Newborn mortality is a serious health problem in Bungoma County, Kenya, with the rate at 33 deaths per 1000 live births against a national average of 22 per 1000 live births (KDHS 2014).  Approximately 50% of mothers in Bungoma County deliver at home. This puts babies, at risk of infections and death. Poor neonatal infrastructure as well as negative cultural barriers complicates the matter. The collaborative newborn support project implemented by Fountain Africa Trust in collaboration with Mount Kenya University and the County Ministry of Health in Bungoma was designed to address this gap.

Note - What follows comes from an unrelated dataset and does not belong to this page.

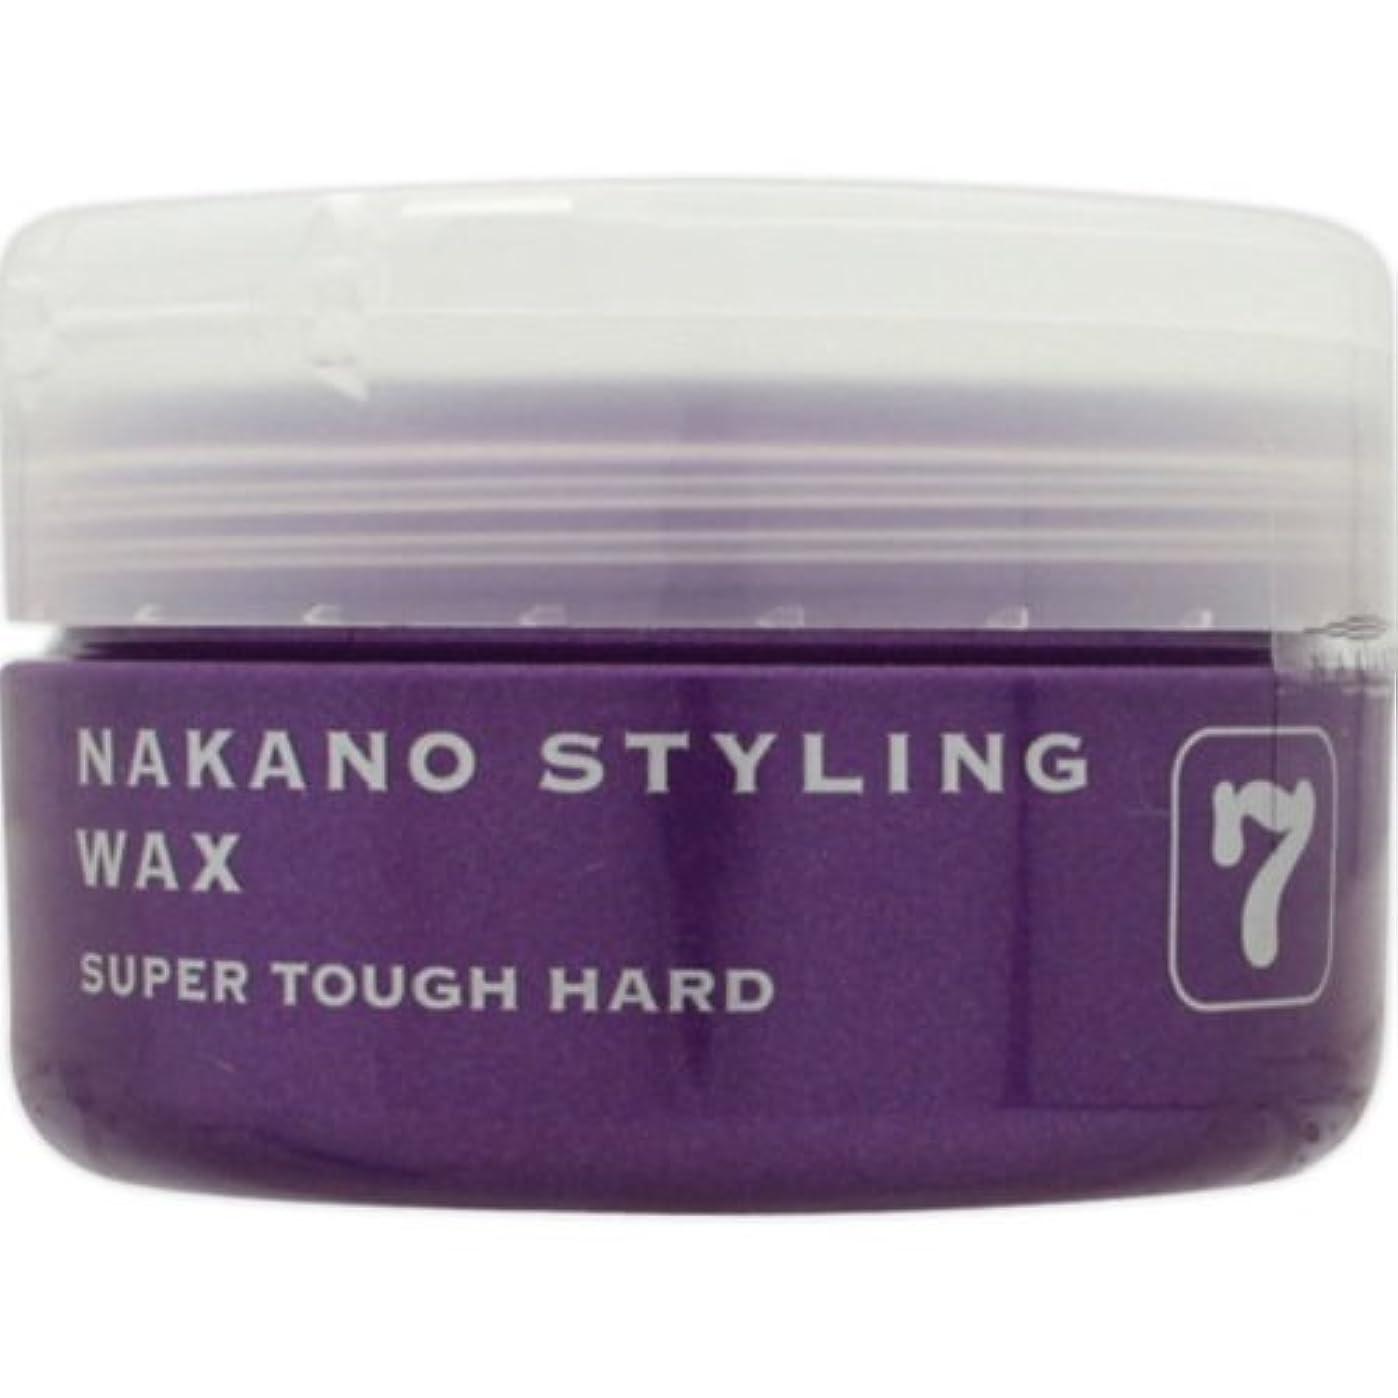 プロフェッショナル市場ギャング【ナカノ】スタイリング ワックス 7 スーパータフハード 90g

Key activities undertaken under this project are:

  • Upgrade newborn units in County and Sub-County hospitals in Bungoma County. Hospitals targeted included: Bungoma County Hospital; Webuye County Hospital: Kimilili Sub-County Hospital: Chwele Sub-County Hospital; Mt. Elgon Sub-County Hospital; Sirisia Sub-County Hospital; Bumula Sub-County Hospital; and Naitiri Sub-County Hospital. 
  • Training of health workers to improve skills and confidence in newborn health care.

(2) Call Centre Services

Fountain Africa Trust runs a Call Centre through which expectant mothers identified through Community Health Volunteers (CHVs) and ANC clinics are followed. The follow-up is meant to ensure that the mothers deliver in health facilities or with the assistance of trained and skilled health providers and that the health of their newborns is monitored over time. The Call Centre offers personalized consultations to pregnant and new mothers to ensure the well-being of both the mother and the baby are taken care of. Mothers and babies who are found to have any form of complications are referred to the nearest health facility for appropriate care. During the duration of the Collaborative Newborn Support Project (2017-2018), the Fountain Africa Call Centre reached over 10,000 mothers with personalized health consultations to improve care for the mothers and their newborns in the community. Sick babies identified during consultations were referred to appropriate health facilities for interventions and CHVs detailed to follow up on post-treatment outcomes back at home. 

Support to Persons Living with Disabilities

People with disability are among the most marginalized in many societies including in Kenya. Although the Kenyan Constitution states that all citizens be provided with equal access to services in the country, people with disability have difficulties in enjoying their constitutional rights. Disability constitute 10% of the population of Kenya. There are different types of disabilities ranging from physical to hearing impairment, blindness and mental disability, all of which require different specialization to facilitate their movement, and activities in life. Fountain Africa Trust initiated a project in Western Kenya that aims at enhancing the ability of people living with disability to earn a dignified living.

Fountain Africa Trust supports children with Autism Spectrum Disorder through the Austin Project.

Austin Kibeti was born in July 2010 and was diagnosed with Autism Spectrum Disorder in 2013 when he turned 3 years. He attended City Primary School Autism Unit in Nairobi from 2015, up to Integrated Class 2. The Autism Unit is housed in a public primary school for low income families located on the Eastern part of Nairobi. The Unit offers integrated education and therapeutic services to children with Autism Spectrum Disorder, Downs Syndrome and other neurological disorders associated with speech, learning and other life skills.

Unfortunately, the Ministry of Education does not provide extra finances to schools to cater for the special needs of autistic children. The Special Unit therefore disintegrated. Austin’s parents decided to relocate from Nairobi to Bungoma County. In Bungoma, there are no programs for autistic children, the community is not aware that children with ASD can go to school and acquire skills for them to live a normal life. They are considered either mentally retarded or schizophrenic.

Fountain Africa Trust has launched Project Austin in Bungoma County, to create awareness and support autistic children go to school. The cost of supporting one autistic child in school is US$ 800 (KES 80,000) annually. Our target is to reach 150 children with the program.